Studio album by Good Charlotte
- Released: July 15, 2016
- Recorded: Mid–2015
- Genre: Pop-punk; emo;
- Length: 42:44
- Label: MDDN
- Producer: John Feldmann

Good Charlotte chronology
| Cardiology (2010) | Youth Authority (2016) | Generation Rx (2018) |

Singles from Youth Authority
- "Makeshift Love" Released: November 5, 2015; "40 oz. Dream" Released: May 2, 2016; "Life Changes" Released: May 12, 2016; "Life Can't Get Much Better" Released: June 20, 2016;

= Youth Authority =

Youth Authority is the sixth album by the American rock band Good Charlotte. The band went on hiatus following the release of Cardiology (2010), with the members shifting focus to their families. During this downtime, Benji and Joel Madden did production work; after working with All Time Low and 5 Seconds of Summer, the brothers, and subsequently the rest of the band, wanted to make a new album. The writing and recording process consisted of the brothers creating a song, showing it to the other members, practice and record it. Working with collaborator John Feldmann, who produced the album, sessions concluded mid-2015. After announcing the end of their hiatus in early November 2015, "Makeshift Love" was released as a single.

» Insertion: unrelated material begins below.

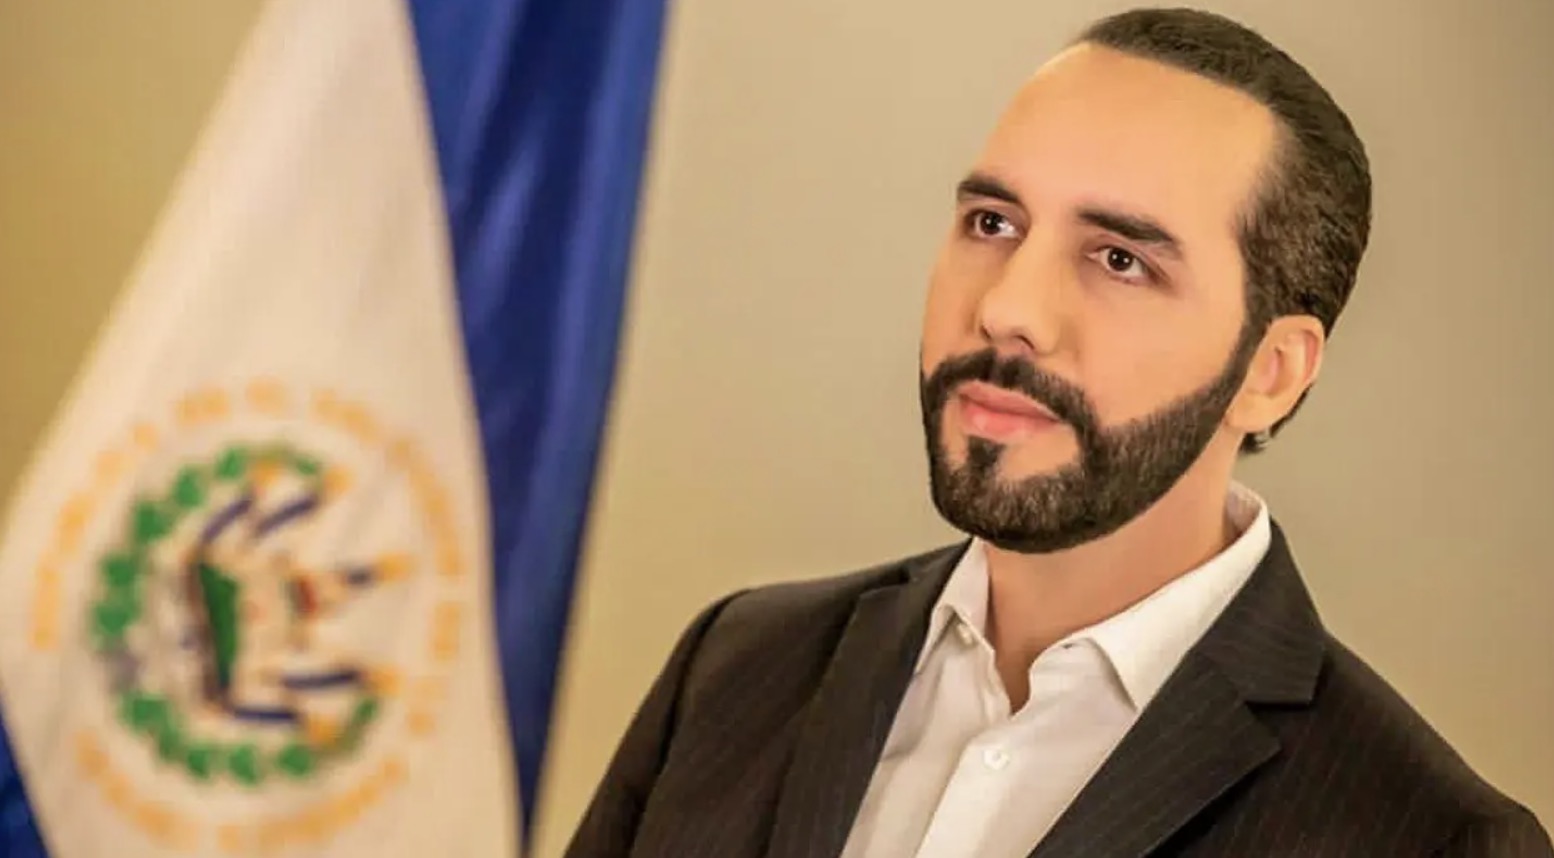 El Salvador tăng cường cam kết về Bitcoin sau cuộc bầu cử lại ở Bukele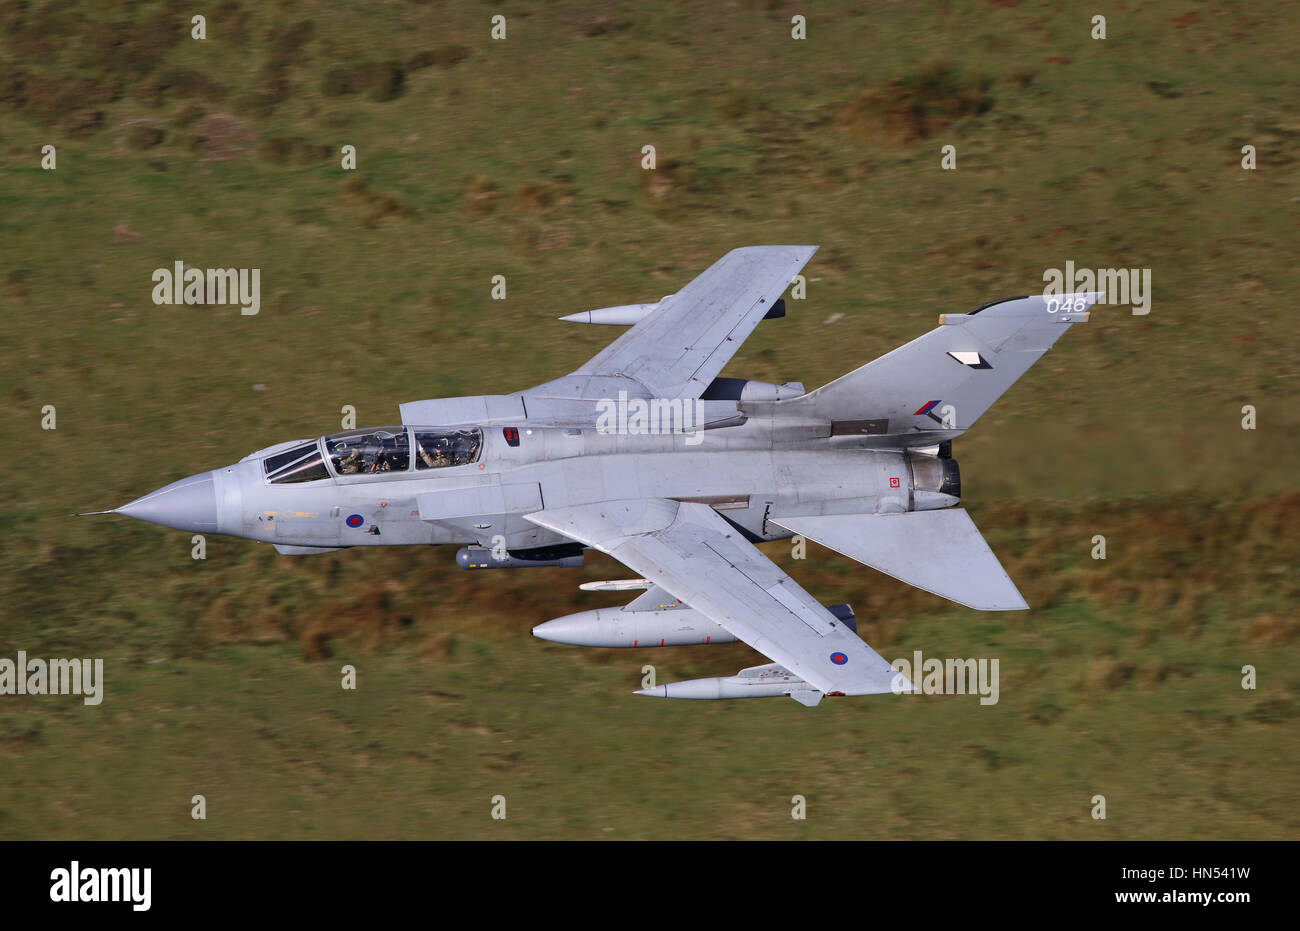 RAF Tornado GR4 aeromobili su un basso livello di esercizio di volo in Galles, Regno Unito, novembre 2016. Foto Stock

In early 2016, the band supported All Time Low on the UK arena tour, leading into the single release of "40 oz. Dream" in May. Preceded by the single release of "Life Can't Get Much Better" in June, Youth Authority was released in July through the Madden brothers' own label MDDN. It was promoted with performances on Warped Tour for the remainder of the month, and a handful of UK shows surrounding the band's appearance at the Reading and Leeds Festivals. A music video for "Life Changes" followed in September, as did a headlining US tour in October and November. A second headlining US tour followed in May 2017; alongside two festival appearances, a music video was released for "Keep Swingin'" in June. A few months later, a music video was released for "War"; the band closed the year with a headlining UK tour in November and December.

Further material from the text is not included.